START DATASET EXCERPT

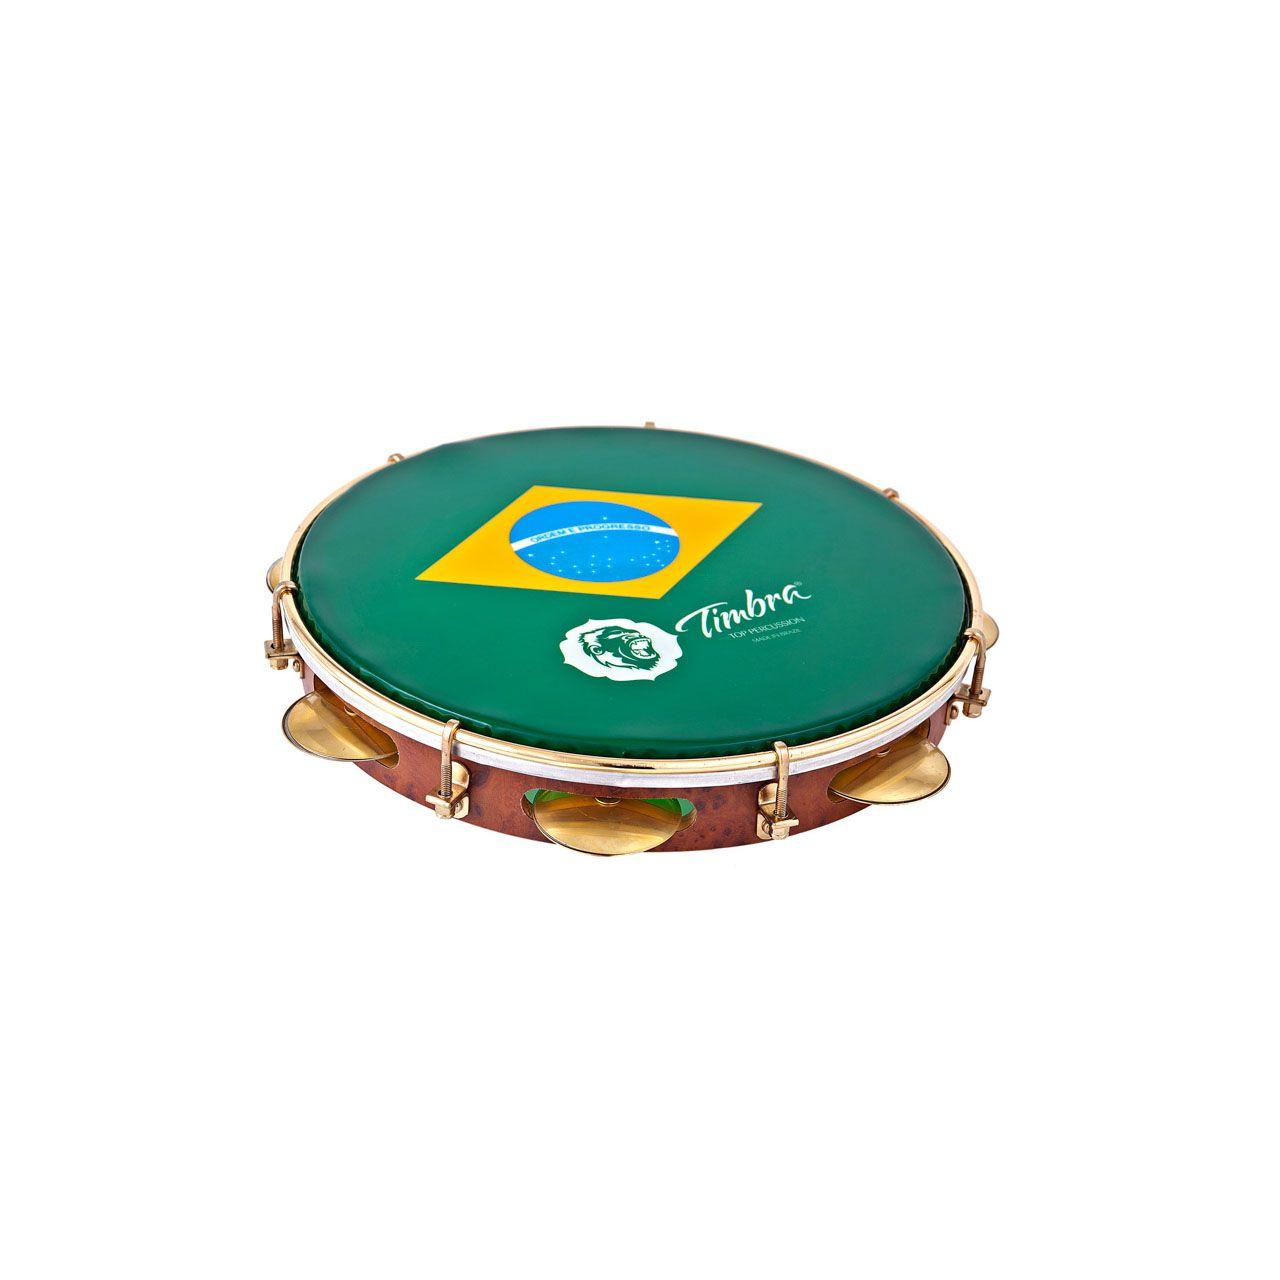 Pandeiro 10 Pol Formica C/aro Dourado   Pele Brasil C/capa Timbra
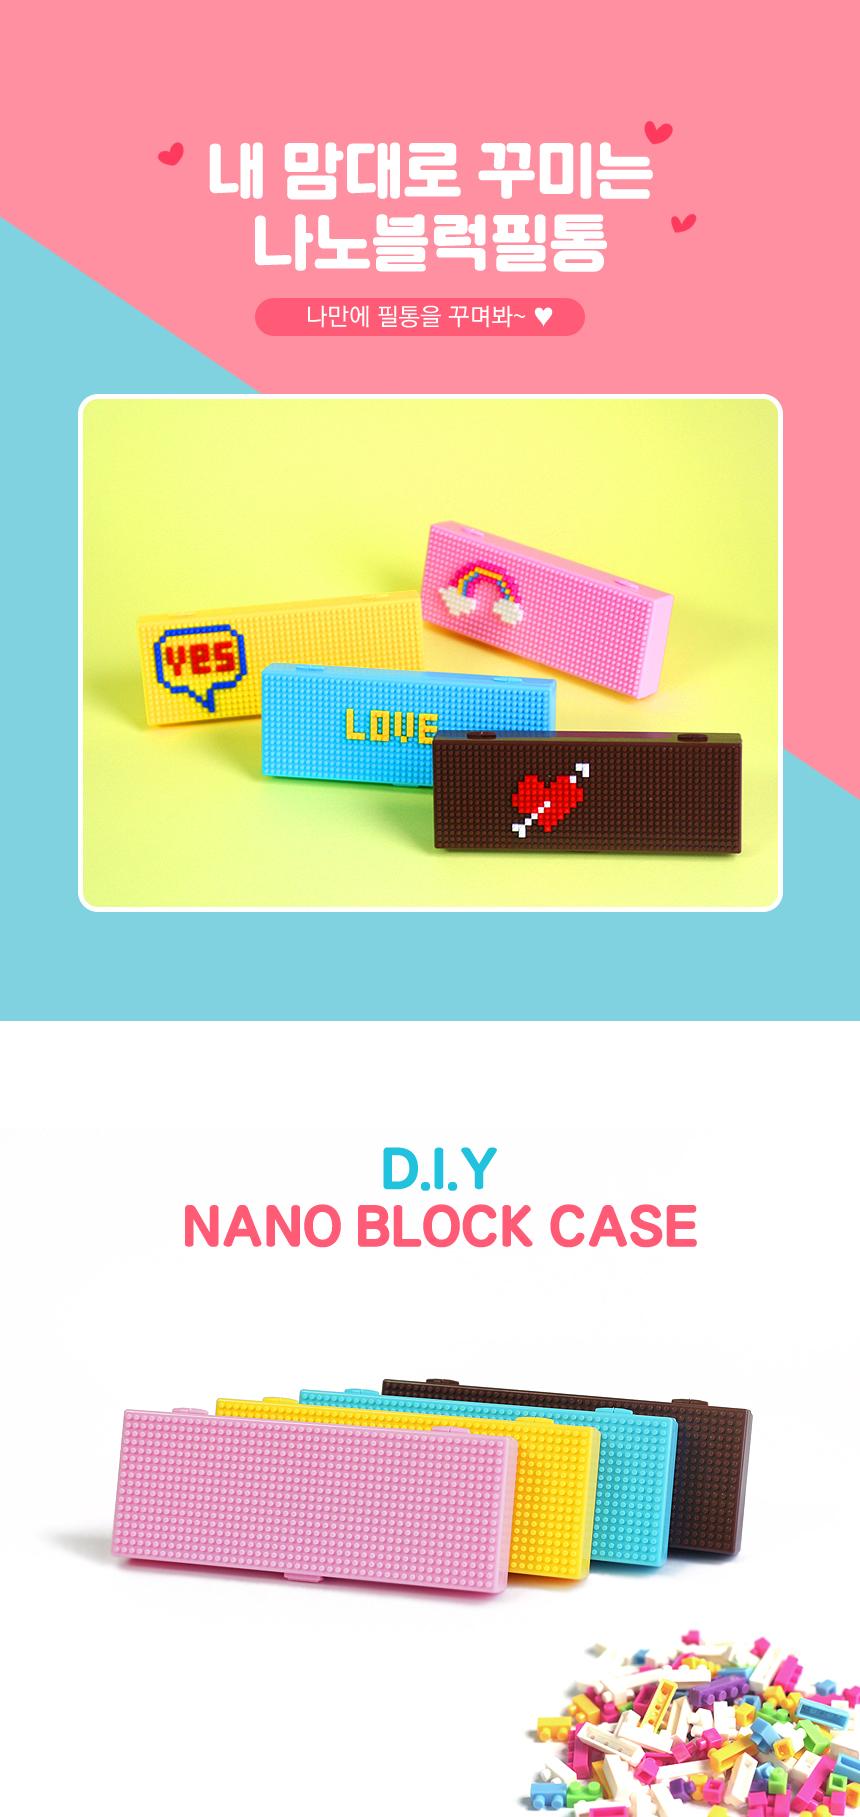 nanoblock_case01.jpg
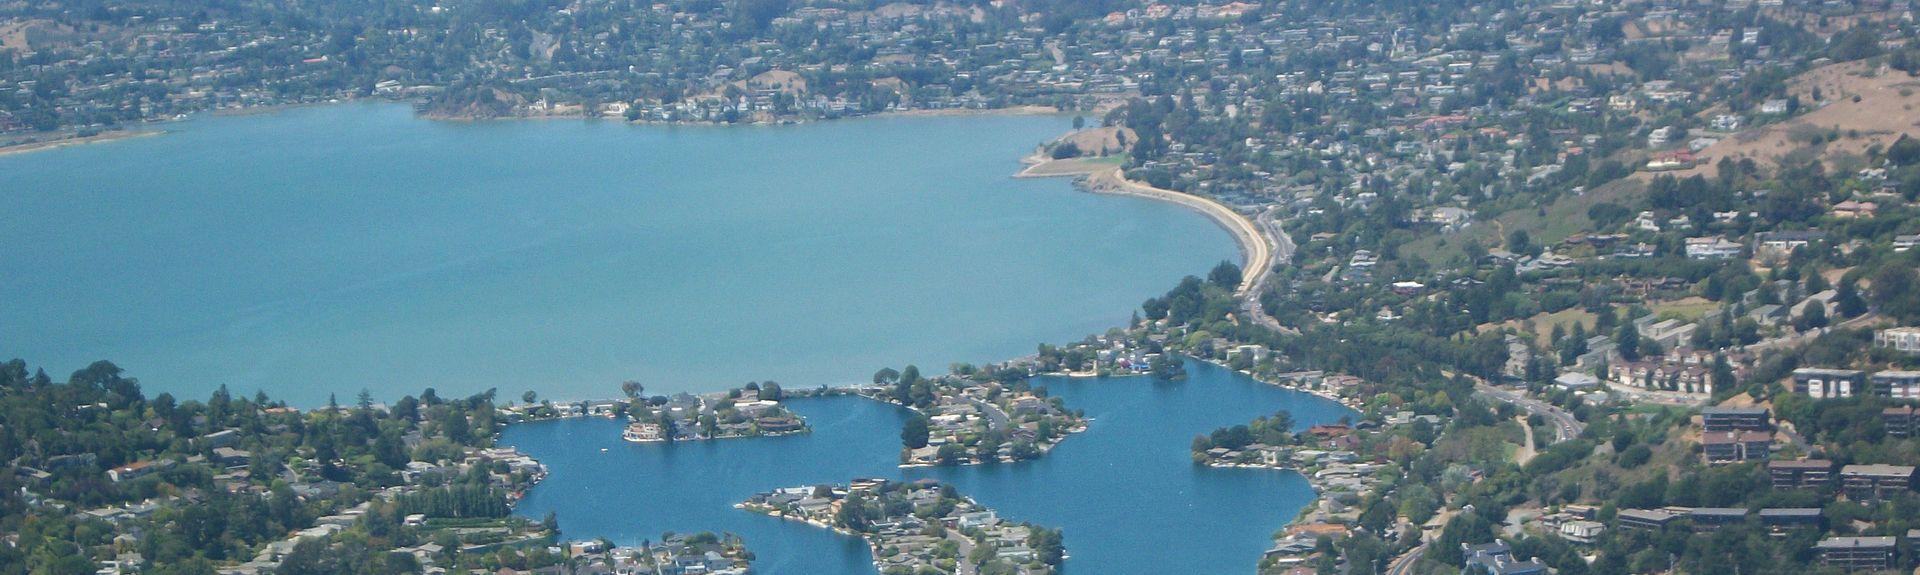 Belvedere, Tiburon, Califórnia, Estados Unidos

END DATASET EXCERPT

ABOUT THIS EXERCISE:
Please restate all of the listing above word for word, with no pictures.

RESULT OF THE TASK:
 Pandeiro 10 Pol Formica C/aro Dourado   Pele Brasil C/capa Timbra
 nanoblock_case01.jpg
 Belvedere, Tiburon, Califórnia, Estados Unidos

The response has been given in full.